Fr David Lewis himself was martyred at Usk on 27th August 1679. Beatified in 1929, Saint David Lewis was canonised by Pope Paul VI on 25th October 1970 as one of the Forty Martyrs of England and Wales.


  1. You do a splendid job honouring our English and Welsh martyrs- but I agree that more should be known about those whose witness did not extend to the shedding of their blood but who suffered to some extent nonetheless. Perhaps first among these should be the bishops and other clergy who on account of their refusal to subscribe to Elizabeth I's Supremacy were deprived, imprisoned and/or exiled.

  2. Hello Patricius

    Thank you for your kind words.
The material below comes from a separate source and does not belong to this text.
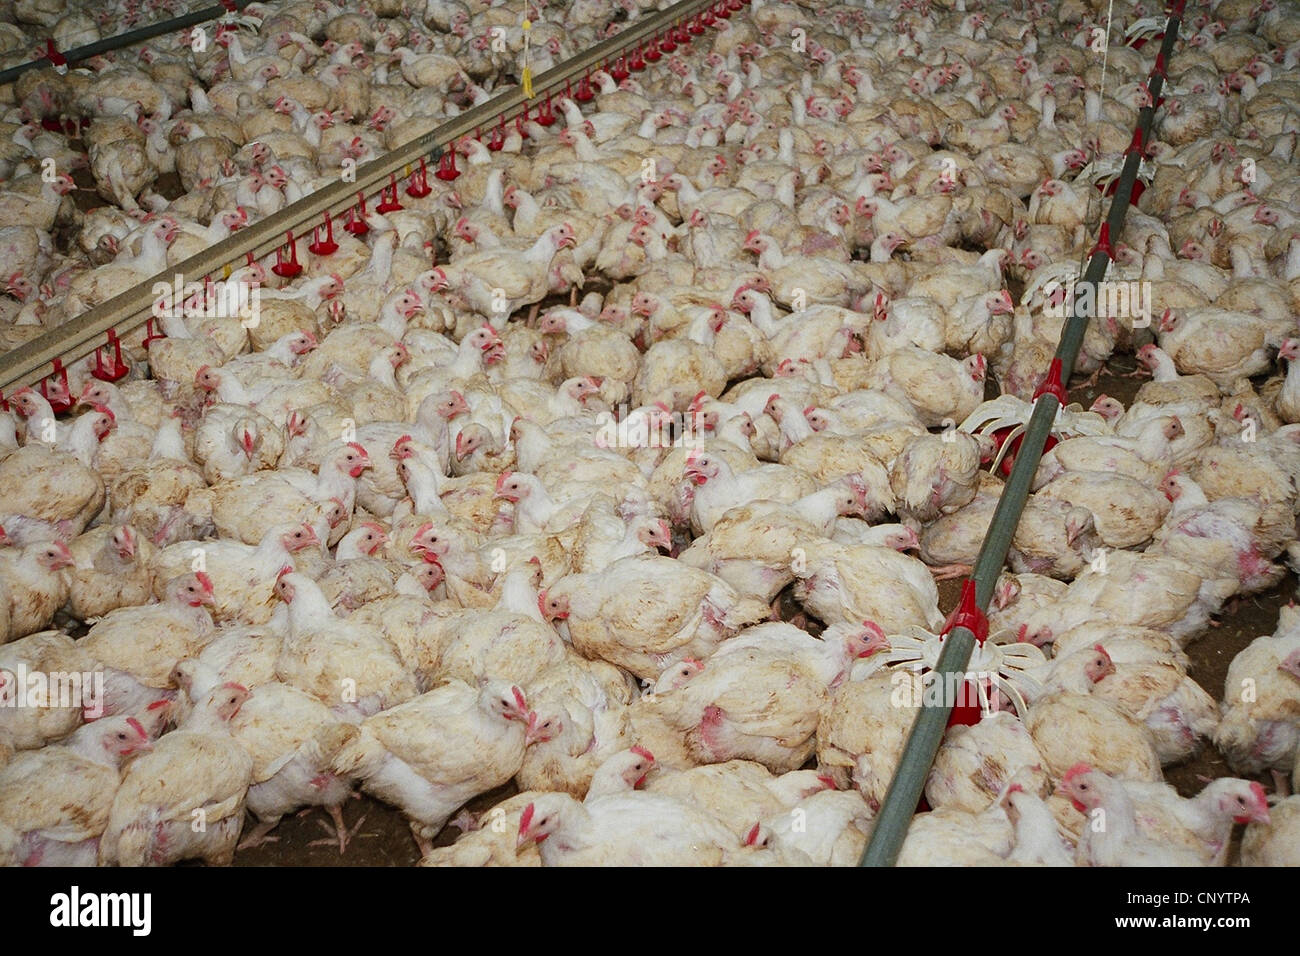 Galli e galline (Gallus gallus f. domestica), migliaia di polli da tavola bloccati insieme in una casa della gallina, Germania Foto Stock

We have such a wonderful heritage that I don't think we can ever do enough to tell of the great men and women who preserved our faith in times of persecution. You are right. We should be seeing more about the the bishops and other clergy who were deprived of their living and persecuted. Perhaps that is a topic for a future post.

    Thanks and God bless you.

  3. Hello diddleymaz

    It's nice to hear from you. I hope all is well in your part of the country. Thank you for your visit and God bless you.